I like to read about things that give me perspective and about the impact that different people and experiences have had on others. One thing I have realized in thinking about the legacy that my dad left behind is that little things can make a big difference - little things we say, little things we do, and even little things we think. Each of these can serve to shape each of us into a person with a bigger heart, a better outlook, and a broader perspective. As Mother Teresa once said, "None of us, including me, ever do great things. But we can all do small things, with great love, and together we can do something wonderful."

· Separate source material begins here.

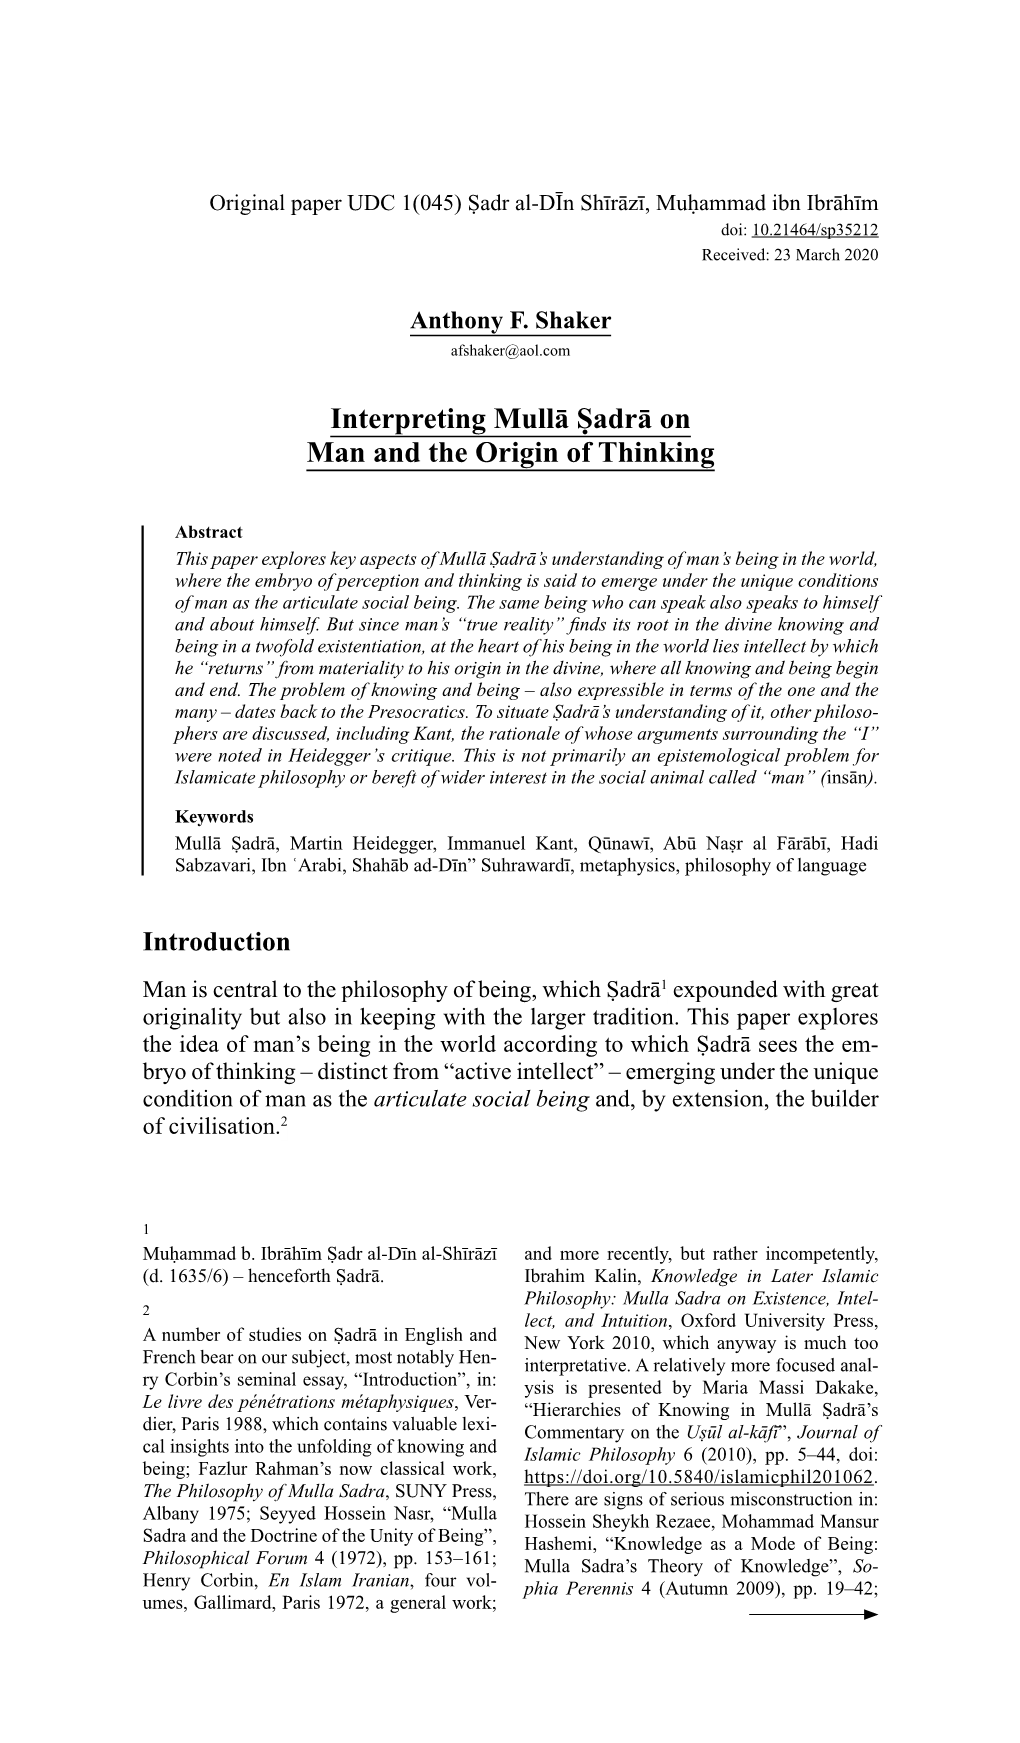 Interpreting Mullā Ṣadrā on Man and the Origin of Thinking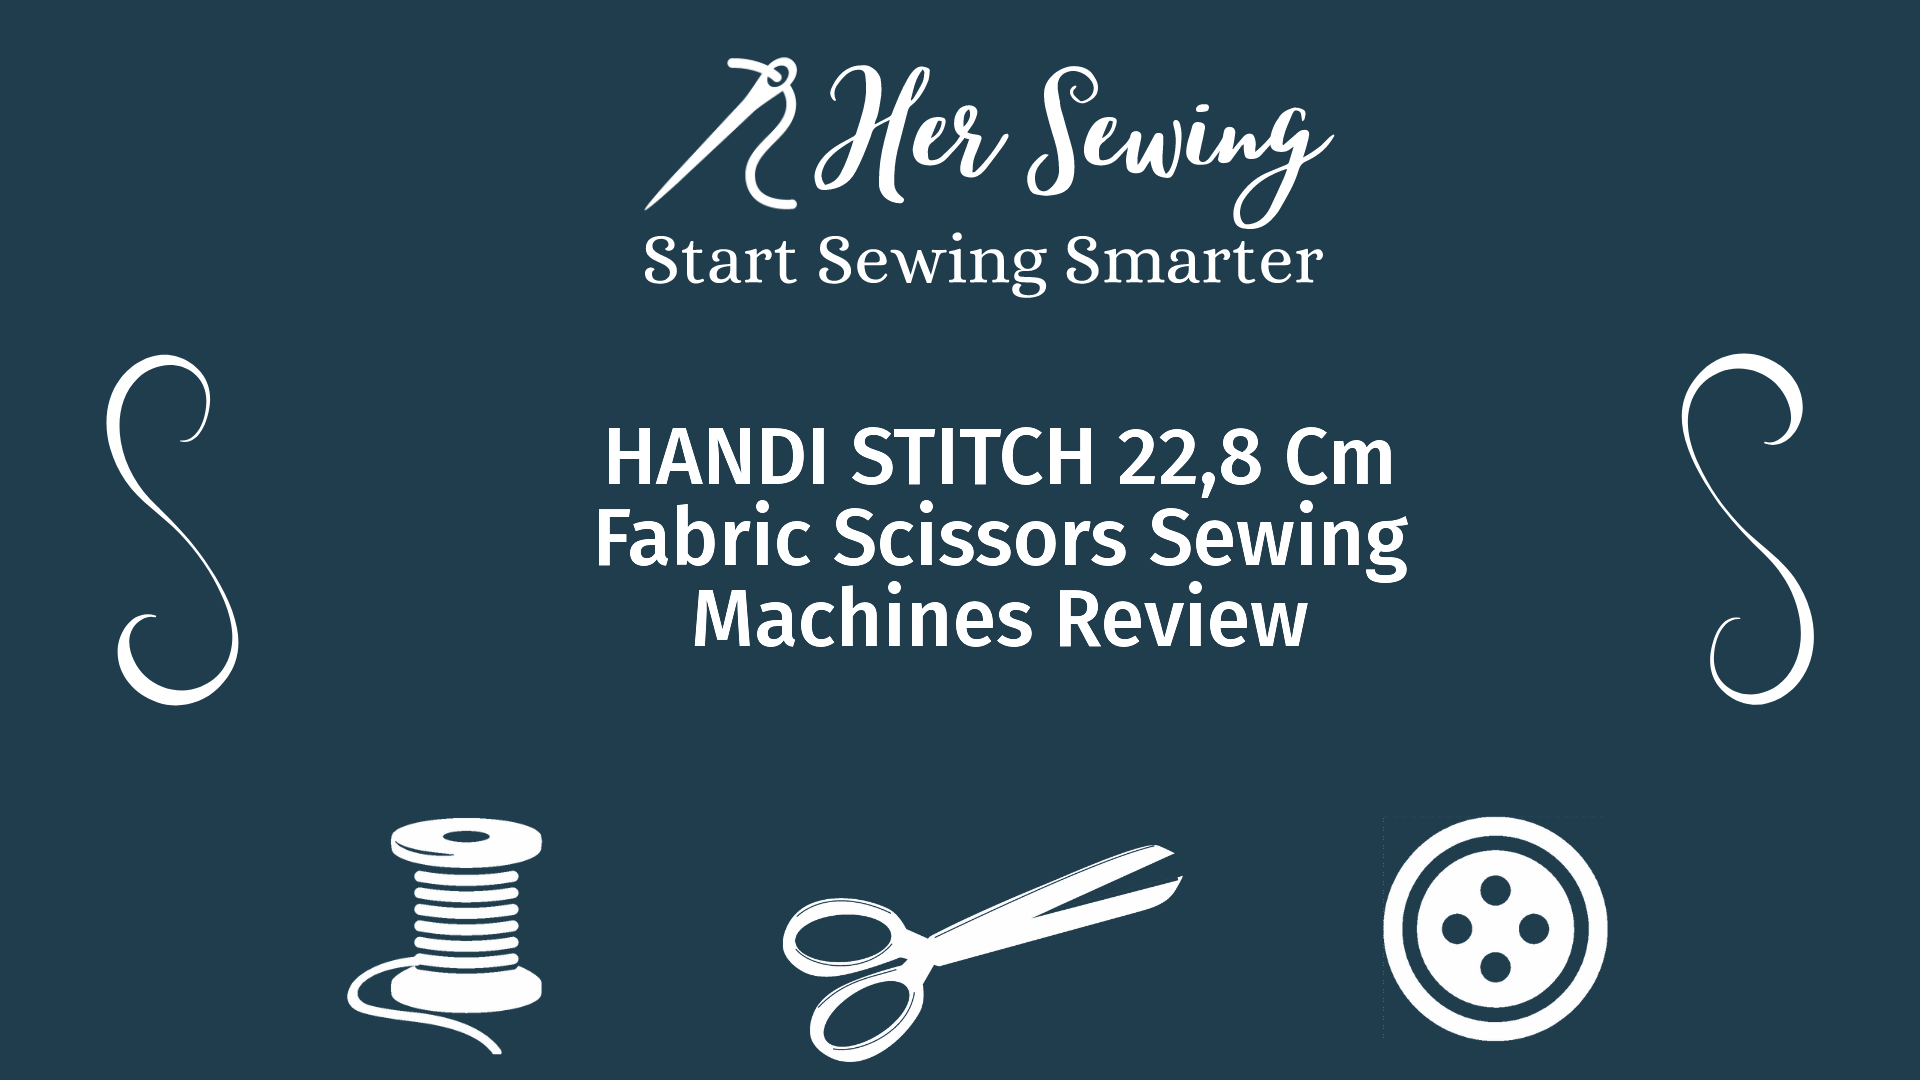 HANDI STITCH 22,8 Cm Fabric Scissors Sewing Machines Review

In keeping with that theme, I have decided to compile of list of things that can bring perspective and post those ideas periodically as challenges to myself and to others. Some will be fun, some will be thought-provoking, some will be service oriented or otherwise actionable. All will be targeted at contributing to the perspective of anyone who participates.
Here's the first one:
Let someone know the impact he or she has had on your life.
This idea came to me from a message that I got from a person who knew my dad many years ago. The person had heard that my dad was sick but didn't know that he had died. In reading some of the entries in this blog, he recognized himself as one of the guys in the story that I told here:
When he read that story, he said, "I tell the story of that race in Mississippi all the time to people. I learned a life lesson that day. A great story was told through his life. I can recall all those runs and races and his smile that seemed too broad for his little body."
When I told him that Dad had gone on ahead, he expressed sadness and regret that he had not been able to tell my dad how he had been impacted by him. He said, "I wanted to tell him how his life story connected to mine. He was largely responsible for my love of running and in many ways responsible for my future."
Thinking about his words and the words he said he wished he had told my dad made he think about the fact that there are many people in my life to whom I haven't reached out in some way over the years to let them know how they influenced me.
What he said made me realize that end-of-life regrets are not only for people who are nearing the end but also for those left behind who haven't delivered a message that we wish we had.
In doing this first Exercise in Perspective, you may choose to communicate with a person from your past or from your present, someone younger or older, someone who served as a mentor or a teacher to you or just a person who caused you to think or act differently than you might have otherwise. Your message can be delivered in writing or verbally, and it can even be as basic as something like, "Thank you; knowing you has helped make me the person I am today." The only criterion to this challenge is that you reach out to a person who has left a mark on you in some way, and the point is this: don't wait. Do it now; the person to whom you deliver your message will be glad, and so will you.